Casse v Shih
[2024] NZHC 2050
•25 July 2024
IN THE HIGH COURT OF NEW ZEALAND AUCKLAND REGISTRY
I TE KŌTI MATUA O AOTEAROA TĀMAKI MAKAURAU ROHE
CIV 2023-404-1912
[2024] NZHC 2050
UNDER Part 19 of the High Court Rules 2016 and ss 6(2) and 19 of the Administration Act 1969 IN THE MATTER OF
The Estate of Yu-Huan Shih
BETWEEN
MELODY HSUAN-CHU CASSE and SHEU-HARN CRYSTAL LIN
Applicants
AND
CHIEN-NAN SHIH
Respondent
On the papers Counsel:
A McDonald for the applicants D Oh for the respondent
Judgment:
25 July 2024
COSTS JUDGMENT OF CAMPBELL J
This judgment was delivered by me on 25 July 2024 at 4.00om pursuant to Rule 11.5 of the High Court Rules
Registrar/Deputy Registrar
CASSE and LIN v SHIH [2024] NZHC 2050 [25 July 2024]
[1] In my judgment dated 31 May 2024 I ordered that the respondent pay the applicants’ costs on a 2B basis together with their reasonable disbursements.
[2] The parties have since filed costs memoranda. Two issues arise for my determination:
(a)Should the applicants’ costs and disbursements in this proceeding (which are agreed to be $14,222.80) be met by the estate rather than by the respondent?
(b)What costs order, if any, should I make in respect of the applicants’ pre- commencement discovery (PCD) application (CIV 2022-404-652) against the respondent?
[3] As to the first issue, I already determined in my judgment that the respondent should pay costs to the applicants and made an order accordingly. The only possible issue that remained was quantum. It is too late for the respondent to contend (other than by appeal) that the estate, rather than himself, should pay the applicants’ costs in this proceeding. I also note that the respondent’s submissions for the substantive hearing addressed costs. The respondent did not submit that costs should be borne by the estate.
[4] I therefore confirm that the respondent is to pay the applicants’ costs and reasonable disbursements in this proceeding. As noted, the parties have agreed that those costs and disbursements total $14,222.80.
[5] As to the second issue, the applicants’ PCD application was resolved by consent on 15 June 2022. One of the consent orders was that the costs of the PCD application “are reserved to be determined in any subsequent proceeding the applicants may bring”.
[6] The parties have agreed $3,925.99 as the quantum of the applicants’ costs of the PCD application.

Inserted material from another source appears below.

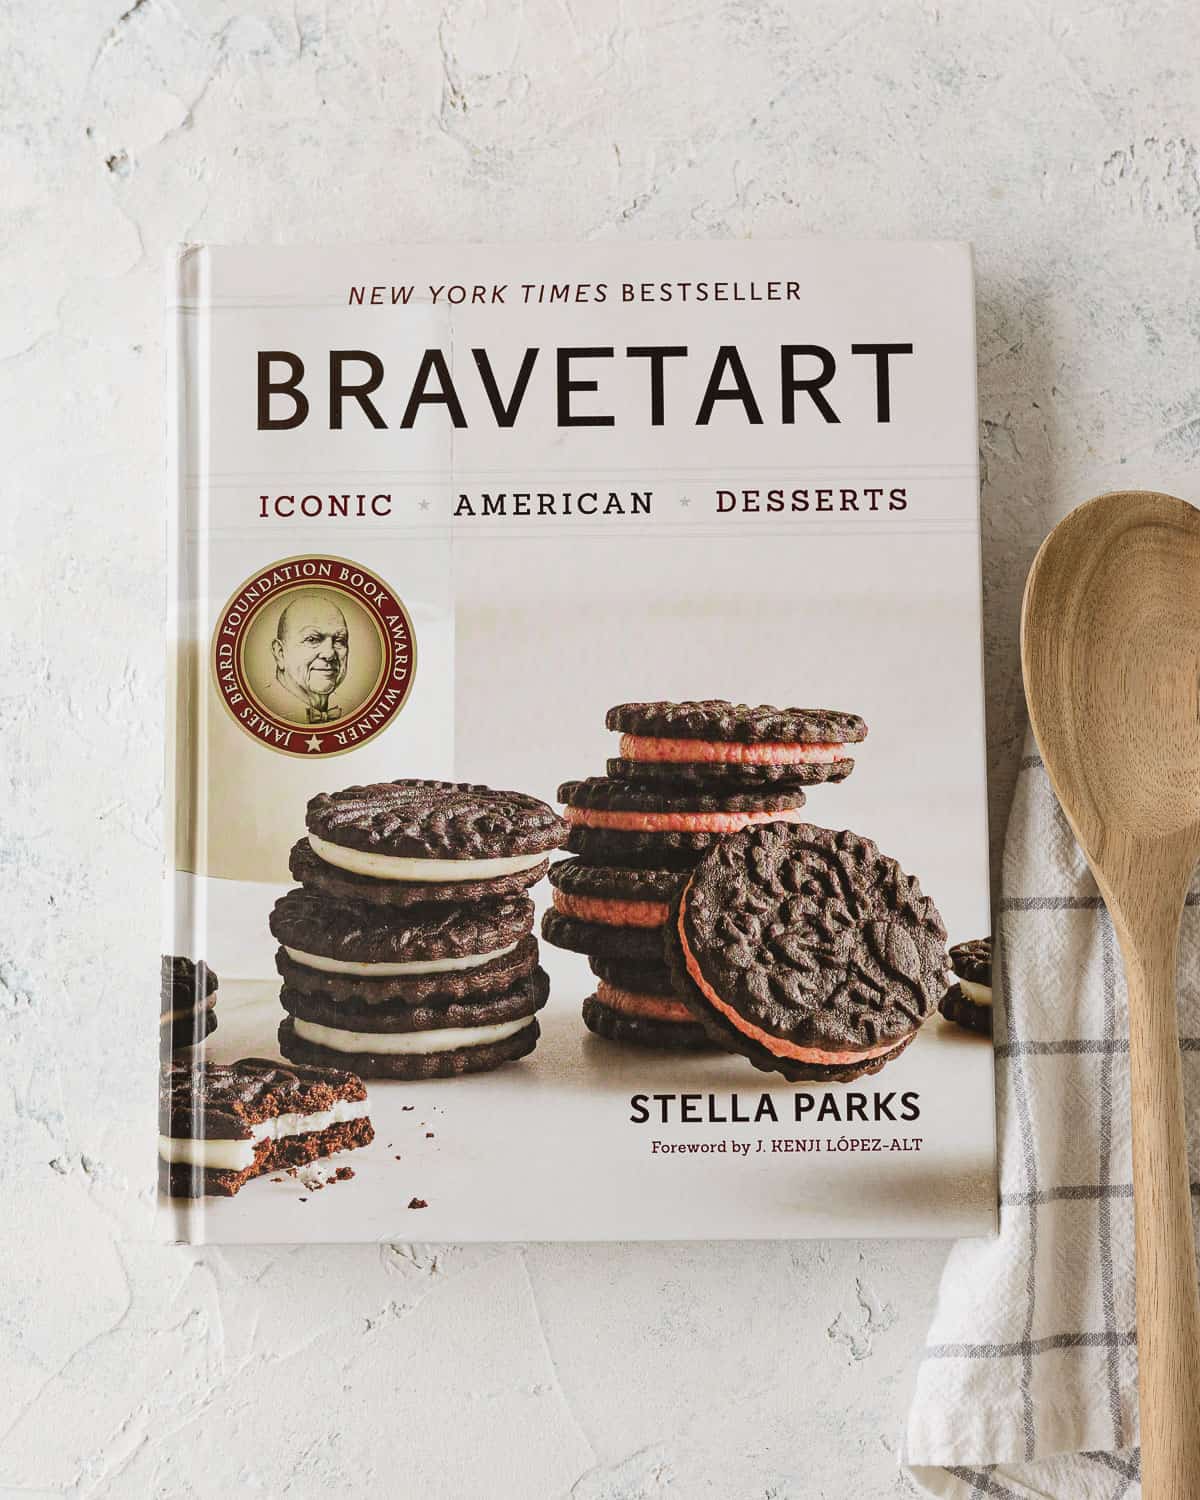 "BraveTart" book on a rustic surface with a towel and wooden spoon.

The applicants seek an order that the respondent pay that
amount. The respondent submits that the costs of the PCD application should lie where they fall, or alternatively that the applicants’ costs should be met by the estate.
[7] I consider that the respondent should pay the applicants’ costs of the PCD application. The respondent and his then lawyer had refused informal requests from the applicants for the documents. Once the applicants brought the PCD application, the respondent readily consented to it. The documents that the applicants obtained from the PCD application formed a large part of their case in this proceeding, in which they succeeded against the respondent. Both proceedings were contests between parties who competed to be administrators of the estate. I consider that the unsuccessful party, rather than the estate, should bear the cost of the PCD application.
[8] The respondent says he had to go to some effort and expense to provide the discovery that was ordered. That, however, is not a reason for declining to order that the respondent pay the applicants’ costs of the PCD application. What is in issue is whether the applicants should be paid their costs of the application. It may be that the respondent is entitled to be reimbursed from the estate for the expenses that he incurred in complying with the order. That is not a matter that was addressed in the orders made in the PCD application and is not for determination in this proceeding.
[9] Accordingly, I order that the respondent pay the applicants’ costs of the PCD application, namely $3,925.99.